Below are 10 complete summer recipes, each with a full macro breakdown per serving. Every recipe is designed to be practical: minimal cooking (because nobody wants to heat up the kitchen), maximum flavor, and macros that support your goals.
Recipe 1: Lemon Herb Grilled Chicken Breast
A perfectly grilled chicken breast is the foundation of summer meal prep. This version uses a lemon-herb marinade that keeps the chicken moist without adding significant calories.
Prep time: 10 min + 30 min marinating | Cook time: 12 min | Servings: 4
Ingredients
- 4 boneless, skinless chicken breasts (about 6 oz each)
- 3 tablespoons olive oil
- Juice of 2 lemons
- 3 cloves garlic, minced
- 1 tablespoon fresh rosemary, chopped
- 1 tablespoon fresh thyme, chopped
- 1 teaspoon salt
- 1/2 teaspoon black pepper
- 1/2 teaspoon red pepper flakes
Instructions
- Whisk olive oil, lemon juice, garlic, rosemary, thyme, salt, pepper, and red pepper flakes in a bowl.
- Pound chicken breasts to even thickness (about 3/4 inch). Place in a zip-lock bag with the marinade. Refrigerate 30 minutes to 2 hours.
- Preheat grill to medium-high (400-450 F). Remove chicken from marinade and pat lightly with a paper towel.
- Grill 5-6 minutes per side until internal temperature reaches 165 F. Rest 5 minutes before slicing.
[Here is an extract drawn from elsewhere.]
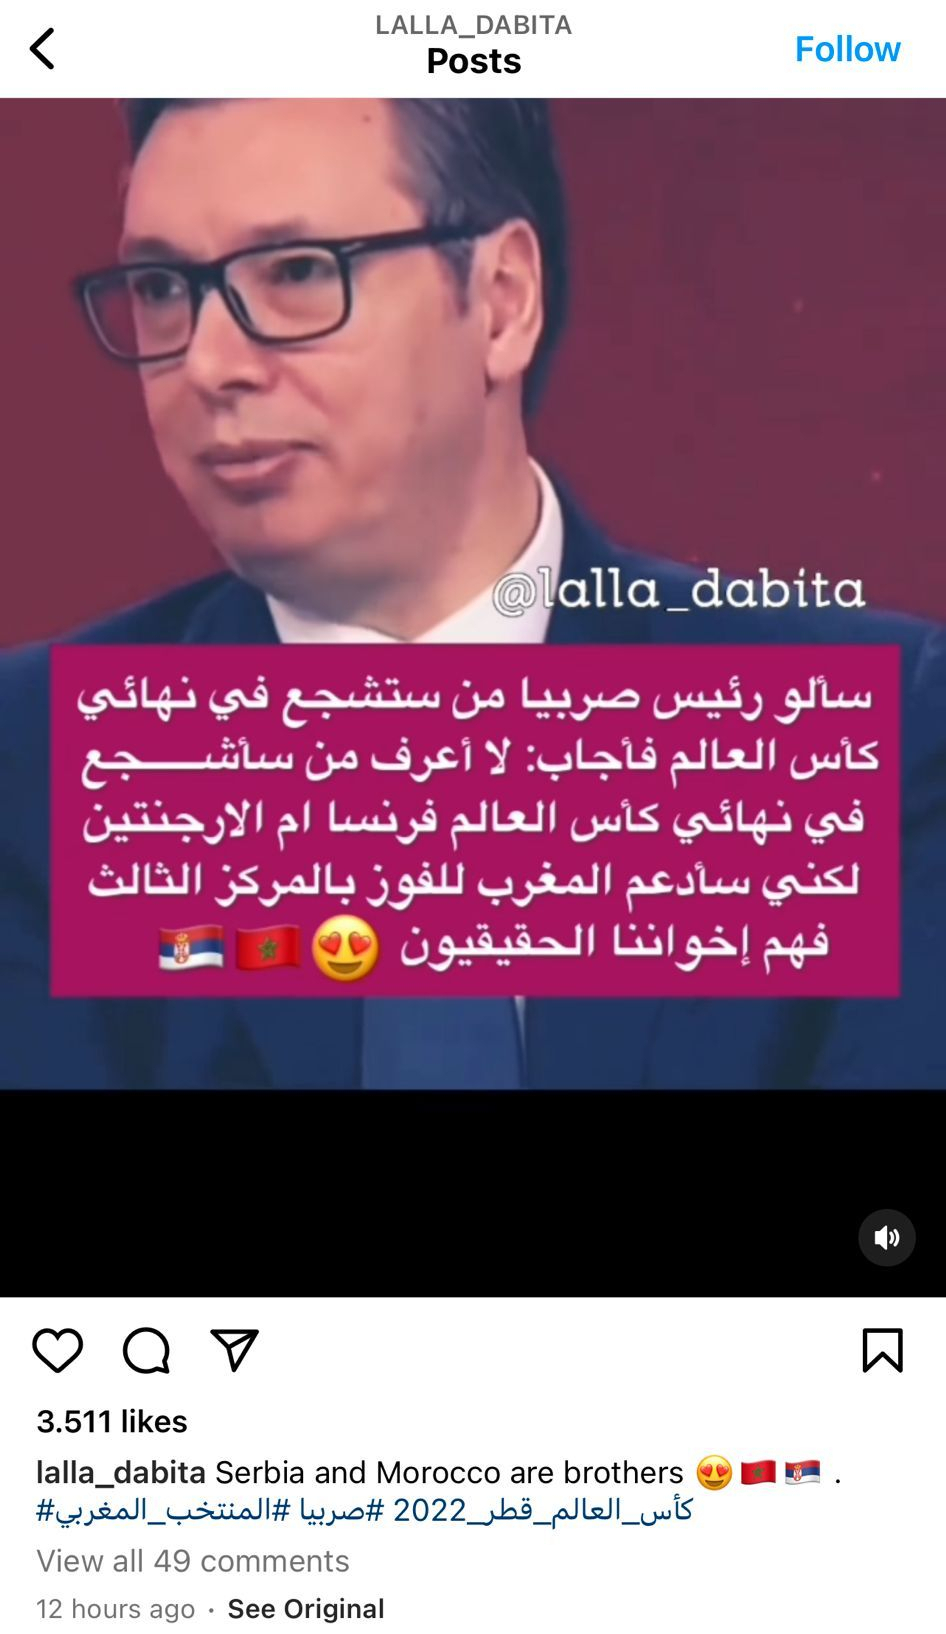 VUČIĆ HIT MEĐU MAROKANSKIM INFLUENSERIMA Šeruju predsednikov snimak uz poruku “Srbi i Marokanci su braća”

Per-Serving Macro Breakdown
| Nutrient | Amount |
|---|---|
| Calories | 285 kcal |
| Protein | 40 g |
| Carbs | 2 g |
| Fat | 13 g |
| Fiber | 0 g |
Meal prep suitability: Excellent. Lasts 4 days refrigerated. Slice and serve cold on salads, in wraps, or alongside grain bowls.
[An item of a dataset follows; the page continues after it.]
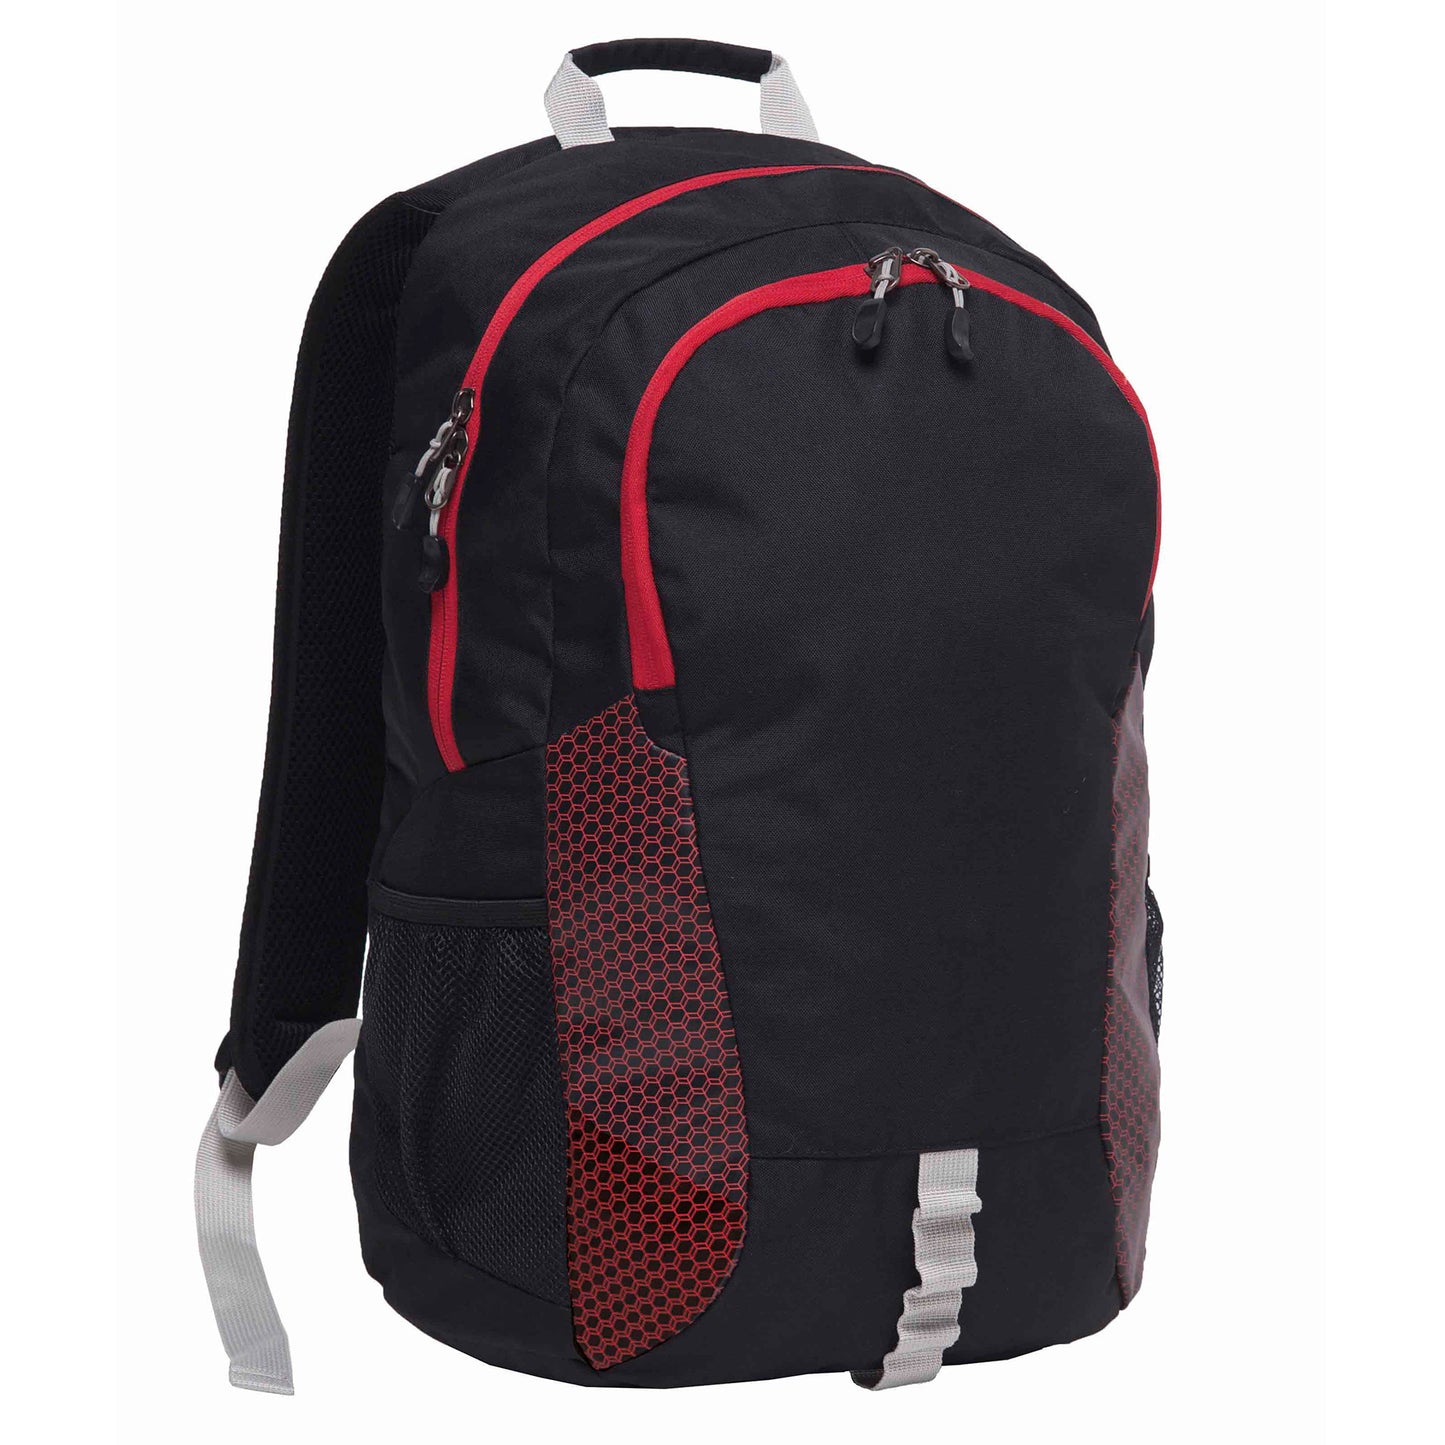 Grommet Backpack BGMB

Recipe 2: Mediterranean Grain Bowl
A versatile base bowl that works for lunch or dinner. The combination of farro, chickpeas, and feta delivers a satisfying mix of complex carbs, plant protein, and flavor.
Prep time: 15 min | Cook time: 30 min (farro) | Servings: 4
Ingredients
- 1 cup dry farro (or quinoa)
- 1 can (15 oz) chickpeas, drained and rinsed
- 1 cup cherry tomatoes, halved
- 1 large cucumber, diced
- 1/2 red onion, thinly sliced
- 1/2 cup kalamata olives, halved
- 1/3 cup crumbled feta cheese
- 2 tablespoons olive oil
- 2 tablespoons red wine vinegar
- 1 teaspoon dried oregano
- Salt and pepper to taste
- Fresh parsley for garnish
Instructions
- Cook farro according to package directions. Drain and let cool to room temperature.
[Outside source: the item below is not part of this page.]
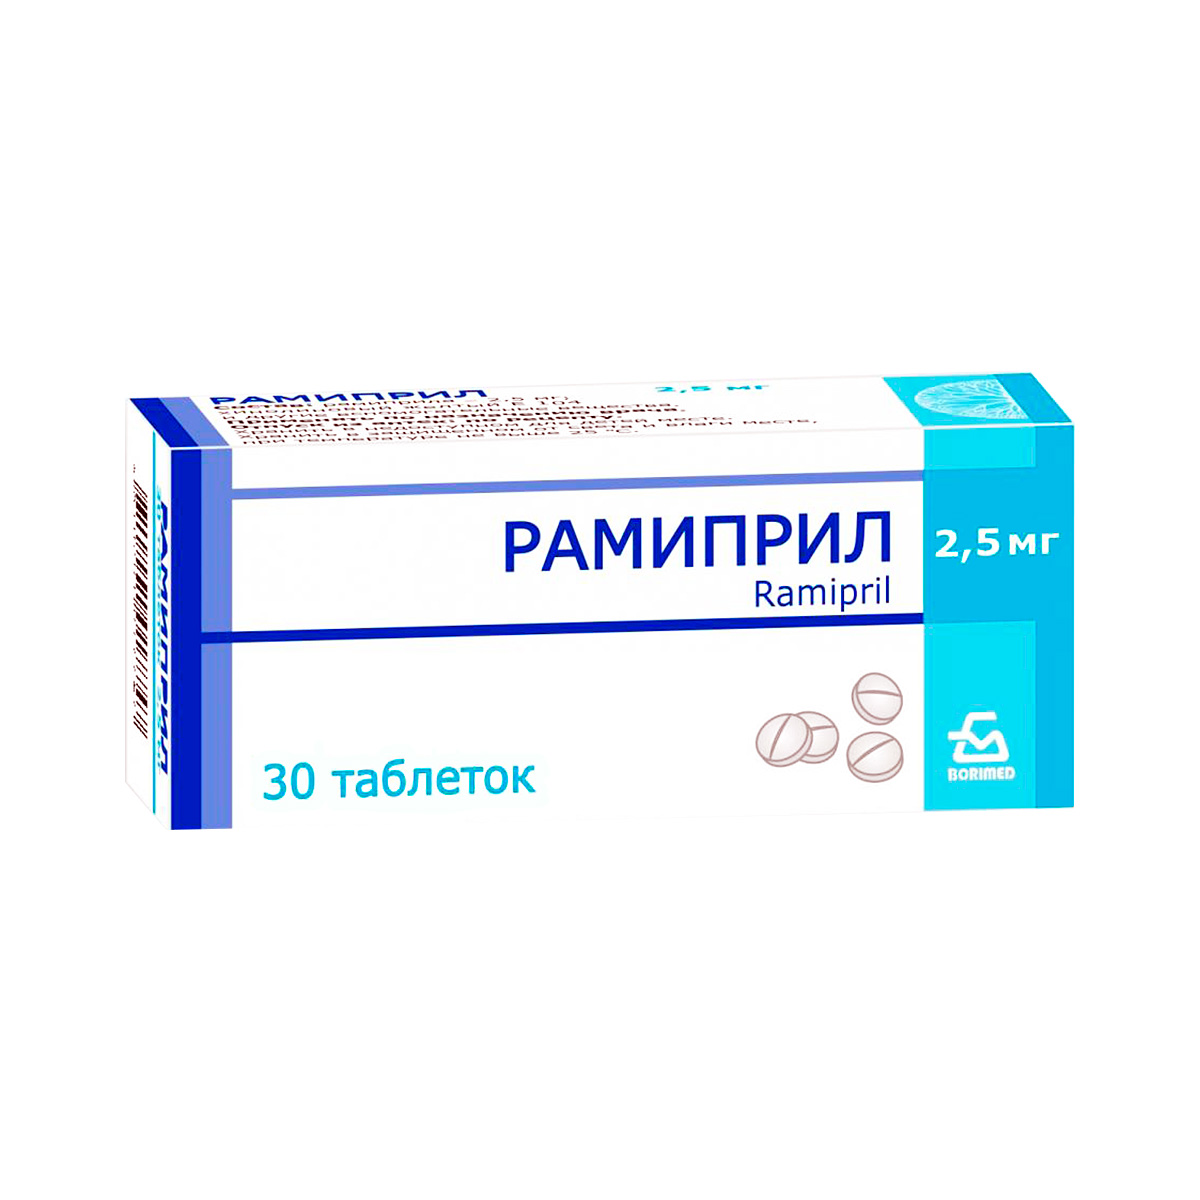 Рамиприл 2,5 мг таблетки 30 шт

- In a large bowl, combine cooled farro, chickpeas, tomatoes, cucumber, red onion, and olives.
- Whisk olive oil, red wine vinegar, oregano, salt, and pepper. Pour over the bowl and toss to combine.
- Top with crumbled feta and fresh parsley.
Per-Serving Macro Breakdown
| Nutrient | Amount |
|---|---|
| Calories | 385 kcal |
| Protein | 14 g |
| Carbs | 48 g |
| Fat | 16 g |
| Fiber | 9 g |
Meal prep suitability: Excellent. Improves in flavor over 1-2 days as the dressing soaks into the farro. Lasts 4-5 days refrigerated. Tastes great cold.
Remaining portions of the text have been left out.